Nawet współczesny Izana, który podążył za nimi wolno do salonu poczuł, jak jej słowa zapiekły jego wnętrze. Pamiętał dokładnie, iż stało się tak również w przypadku jego przeszłego wcielenia, którego fioletowe tęczówki zdawały się mordować żywcem (kolor)włosą dziewczynę. Aura w pokoju jeszcze intensywniej pociemniała. Przeszły jasnowłosy obrócił w się całkowicie w jej stronę w nieznośnie ślamazarnym tempie. Obserwujący Izana wiedział, co miało nastąpić. Wiedział i zaczął bardzo szybko żałować.

Przestań. Przestań. Przestań.

[VERY Highly Recommend| 𝐏𝐥𝐚𝐲𝐢𝐧𝐠: 𝐃𝐚𝐰𝐢𝐝 𝐏𝐨𝐝𝐬𝐢𝐚𝐝ł𝐨 - 𝐏𝐚𝐬𝐭𝐞𝐦𝐩𝐨𝐦𝐚𝐭]

— Ona nie była moją prawdziwą siostrą. Nie była ze mną nawet spokrewniona. Żadne z nich nie jest. A co do drugiego zarzutu - tego akurat jestem pewny, (Imię). Czyż nie jest to twój jedyny sposób na zjednywanie sobie sympatii? — białowłosy ze wspomnienia błyskawicznie wiedział, że tym razem pozwolił sobie na zbyt wiele, co tylko potwierdzała skrajna reakcja, (Nazwisko), która jakby nagle trzeźwiejąc, podniosła się w pojedynczym ruchu z kanapy. Pomimo, że starała się wyglądać na obrażoną, jej smutek i zranienie bez problemu wskazywały błyszczące w oczach łzy oraz drżące wargi. Izana zerwał się z miejsca, depcząc desperacko po jej śladach. — (Imię)? (Skrót imienia), proszę, zaczekaj! Ja nie chciałem! Nie zamierzałem tego powiedzieć!
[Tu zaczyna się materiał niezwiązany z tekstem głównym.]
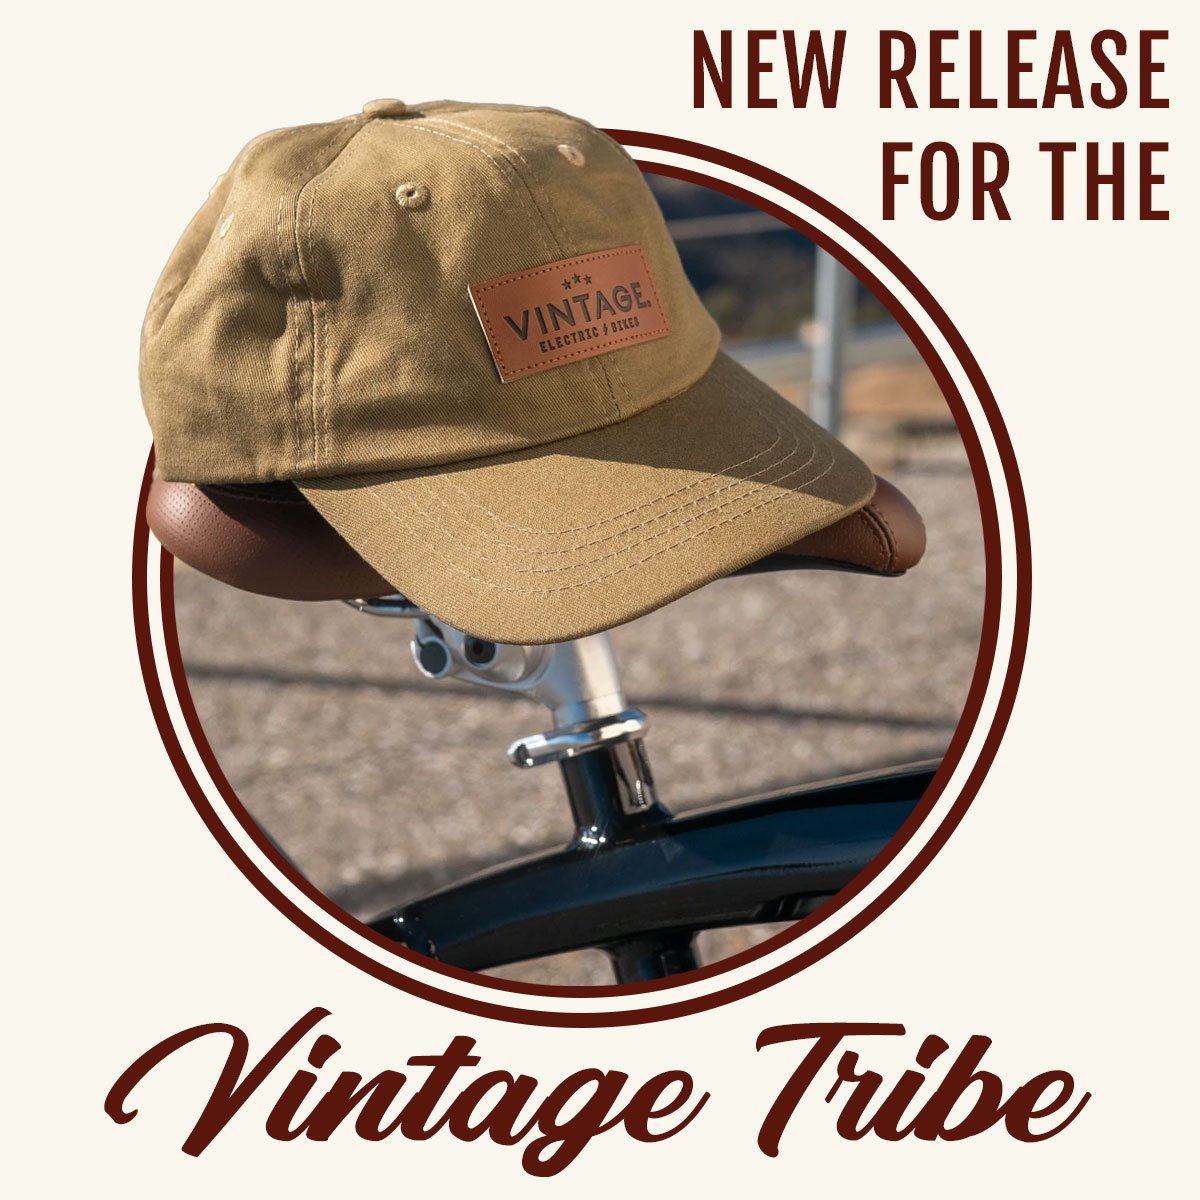 NEW RELEASE FOR THE VINTAGE TRIBE

Izana z teraźniejszości pobiegł prosto za nimi, dokładnie wiedząc, gdzie udała się jego ukochana. Wszystko zaczęło się zamazywać. Ciemność zstąpili rozmazane barwy.
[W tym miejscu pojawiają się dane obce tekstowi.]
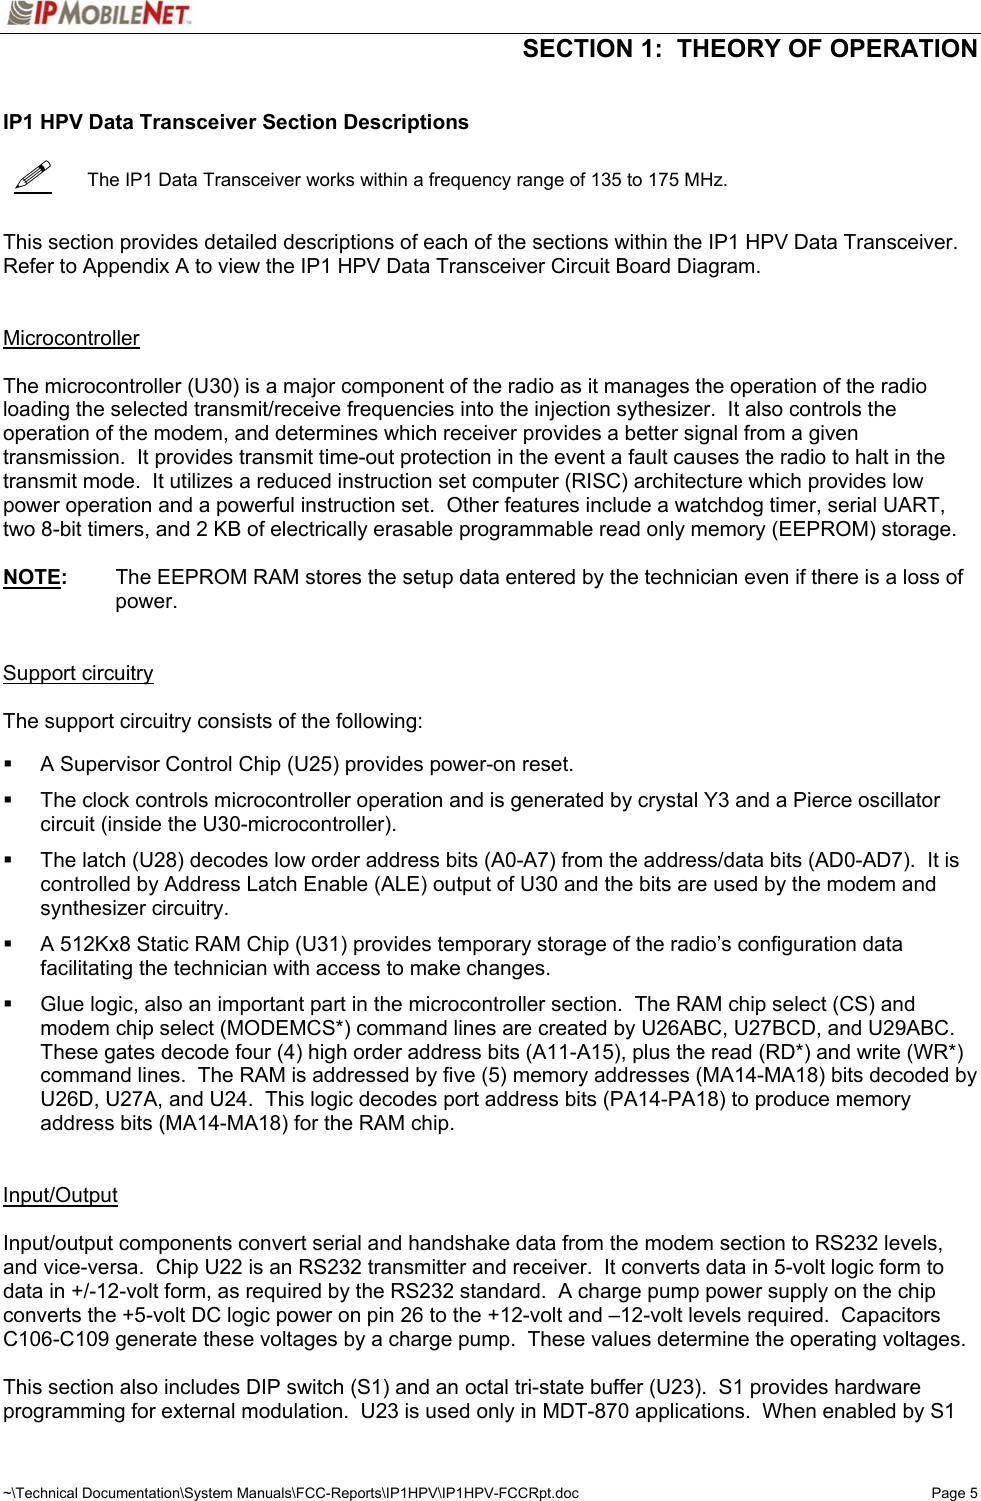  SECTION 1:  THEORY OF OPERATION  ~\Technical Documentation\System Manuals\FCC-Reports\IP1HPV\IP1HPV-FCCRpt.doc  Page 5    IP1 HPV Data Transceiver Section Descriptions     The IP1 Data Transceiver works within a frequency range of 135 to 175 MHz.   This section provides detailed descriptions of each of the sections within the IP1 HPV Data Transceiver.  Refer to Appendix A to view the IP1 HPV Data Transceiver Circuit Board Diagram.   Microcontroller   The microcontroller (U30) is a major component of the radio as it manages the operation of the radio loading the selected transmit/receive frequencies into the injection sythesizer.  It also controls the operation of the modem, and determines which receiver provides a better signal from a given transmission.  It provides transmit time-out protection in the event a fault causes the radio to halt in the transmit mode.  It utilizes a reduced instruction set computer (RISC) architecture which provides low power operation and a powerful instruction set.  Other features include a watchdog timer, serial UART, two 8-bit timers, and 2 KB of electrically erasable programmable read only memory (EEPROM) storage.  NOTE:  The EEPROM RAM stores the setup data entered by the technician even if there is a loss of power.   Support circuitry  The support circuitry consists of the following:      A Supervisor Control Chip (U25) provides power-on reset.    The clock controls microcontroller operation and is generated by crystal Y3 and a Pierce oscillator circuit (inside the U30-microcontroller).    The latch (U28) decodes low order address bits (A0-A7) from the address/data bits (AD0-AD7).  It is controlled by Address Latch Enable (ALE) output of U30 and the bits are used by the modem and synthesizer circuitry.    A 512Kx8 Static RAM Chip (U31) provides temporary storage of the radio’s configuration data facilitating the technician with access to make changes.    Glue logic, also an important part in the microcontroller section.  The RAM chip select (CS) and modem chip select (MODEMCS*) command lines are created by U26ABC, U27BCD, and U29ABC.  These gates decode four (4) high order address bits (A11-A15), plus the read (RD*) and write (WR*) command lines.  The RAM is addressed by five (5) memory addresses (MA14-MA18) bits decoded by U26D, U27A, and U24.  This logic decodes port address bits (PA14-PA18) to produce memory address bits (MA14-MA18) for the RAM chip.   Input/Output   Input/output components convert serial and handshake data from the modem section to RS232 levels, and vice-versa.  Chip U22 is an RS232 transmitter and receiver.  It converts data in 5-volt logic form to data in +/-12-volt form, as required by the RS232 standard.  A charge pump power supply on the chip converts the +5-volt DC logic power on pin 26 to the +12-volt and –12-volt levels required.  Capacitors C106-C109 generate these voltages by a charge pump.  These values determine the operating voltages.  This section also includes DIP switch (S1) and an octal tri-state buffer (U23).  S1 provides hardware programming for external modulation.  U23 is used only in MDT-870 applications.  When enabled by S1

— (Imię)... Co ty robisz? — stanął przy niej, pragnąc w jednej chwili objąć jej wychudzoną sylwetkę, nie pozwalając by nigdzie szła. Złapać ją za nogi, zalegają przy nich żałośnie, byleby tylko ją powstrzymać.

— Widzisz te klucze? — wysunęła przed jego wykrzywioną w rozpaczy twarz pęk kluczy z zawieszką małego, fioletowego słonika, którą samodzielnie jej podarował. — Kładę je tutaj. Już mi się nie przydadzą — oświadczyła, z hukiem i trzaskiem metalu, rzucając je na jasny blat kuchenny. Jasnowłosy złapał ją nieco za mocno za ramię w akcie skrajnej bezradności.

— Proszę. Błagam cię, (Imię). Kocham cię. Zostań ze mną jako jedyna. Bądź jedyną, która ze mną została, zaakceptowała w pełni i mnie nie opuściła. Która wybrała tylko mnie. Nikogo innego.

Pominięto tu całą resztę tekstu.